### Task instructions:
Everything from the line with "Tempo medio di" to the line with "Die Wiener Gruppe/" in the listing below, both lines included, needs to be copied exactly, apart from the pictures.

### Records supplied:
..........

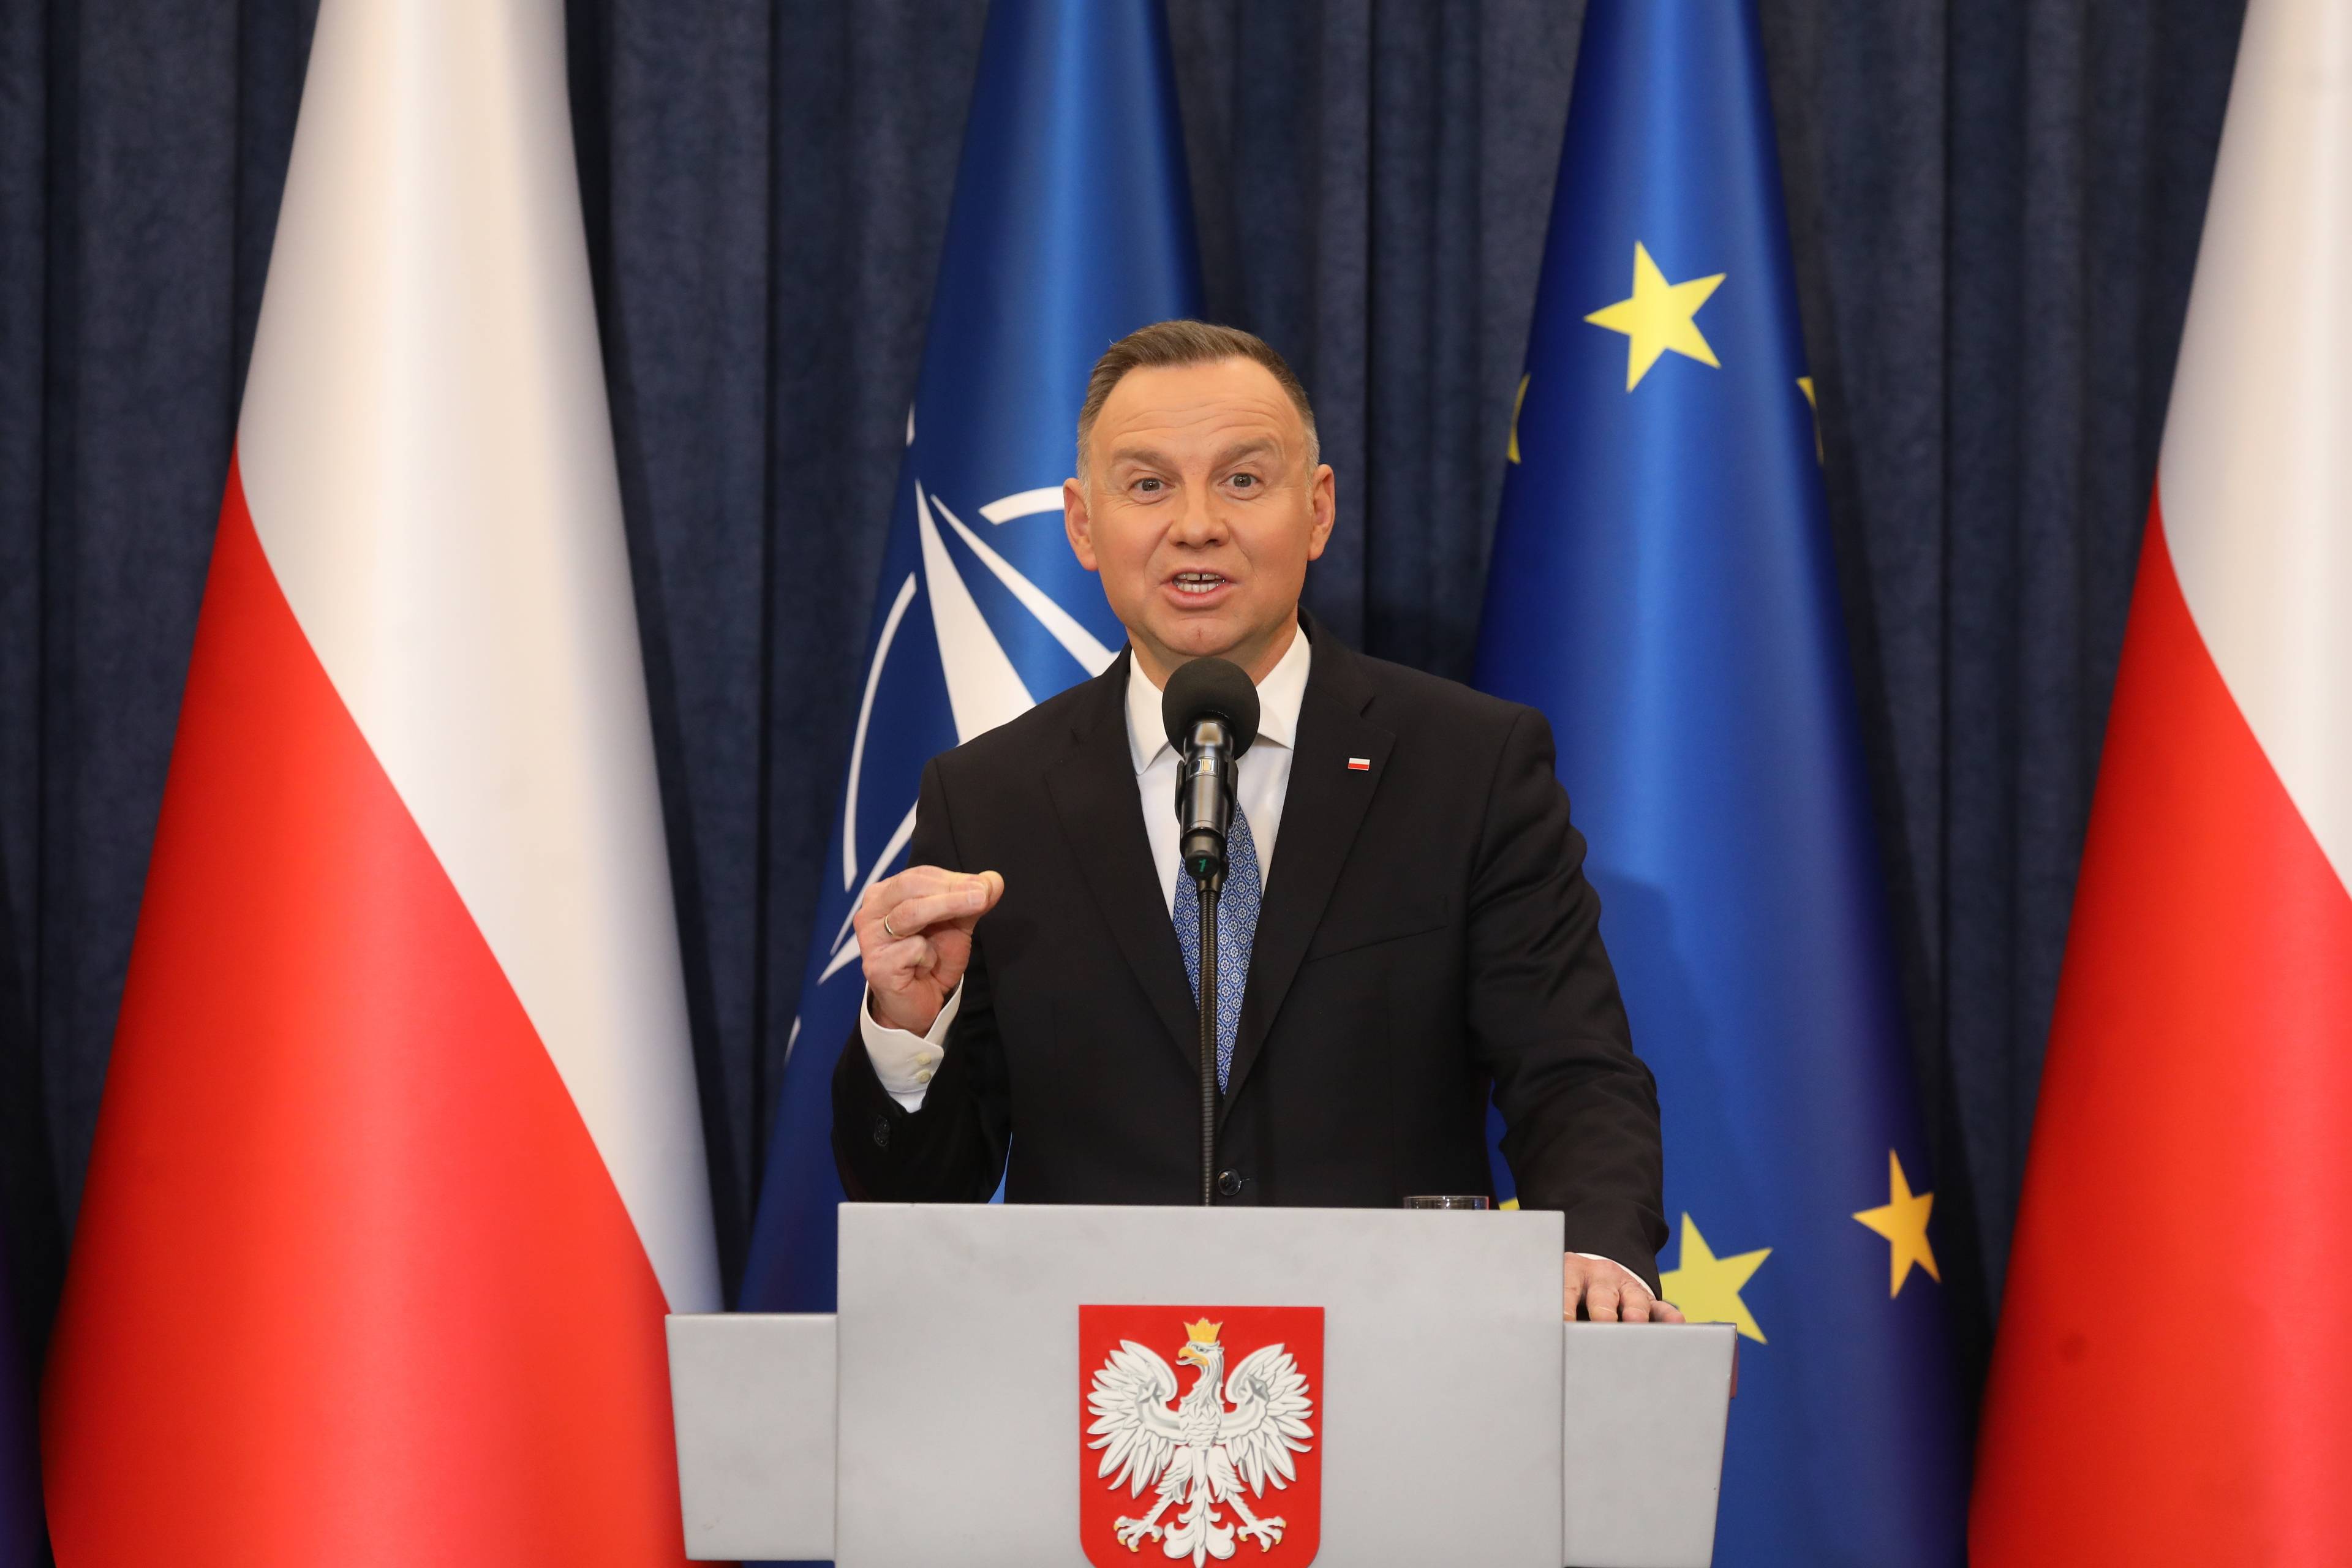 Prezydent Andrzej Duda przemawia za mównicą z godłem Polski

..........

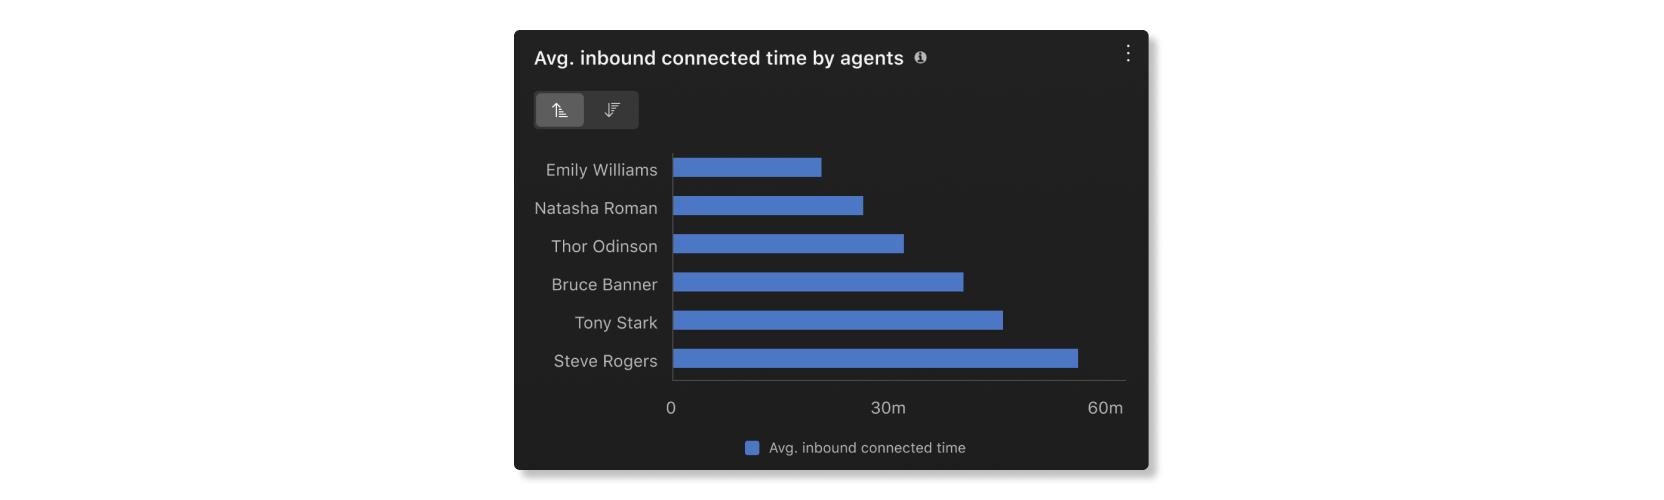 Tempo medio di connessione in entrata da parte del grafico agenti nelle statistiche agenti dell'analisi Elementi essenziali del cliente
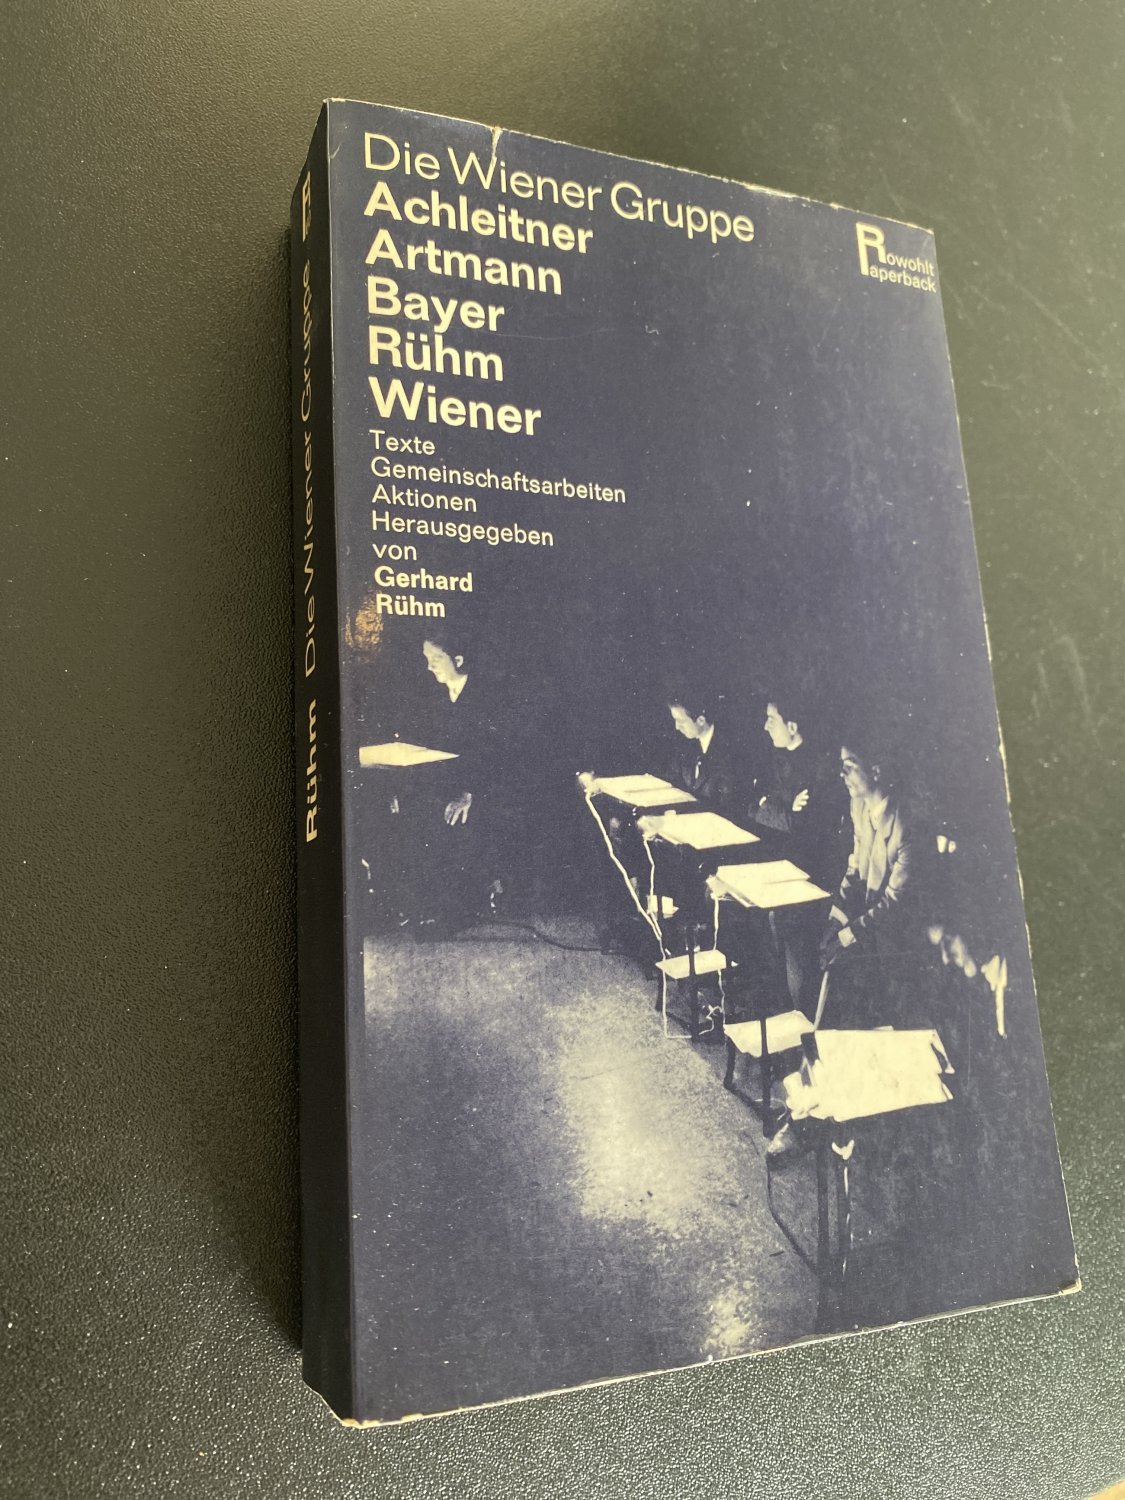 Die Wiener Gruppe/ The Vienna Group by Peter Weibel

..........

### Written solution:
 Tempo medio di connessione in entrata da parte del grafico agenti nelle statistiche agenti dell'analisi Elementi essenziali del cliente
 Die Wiener Gruppe/ The Vienna Group by Peter Weibel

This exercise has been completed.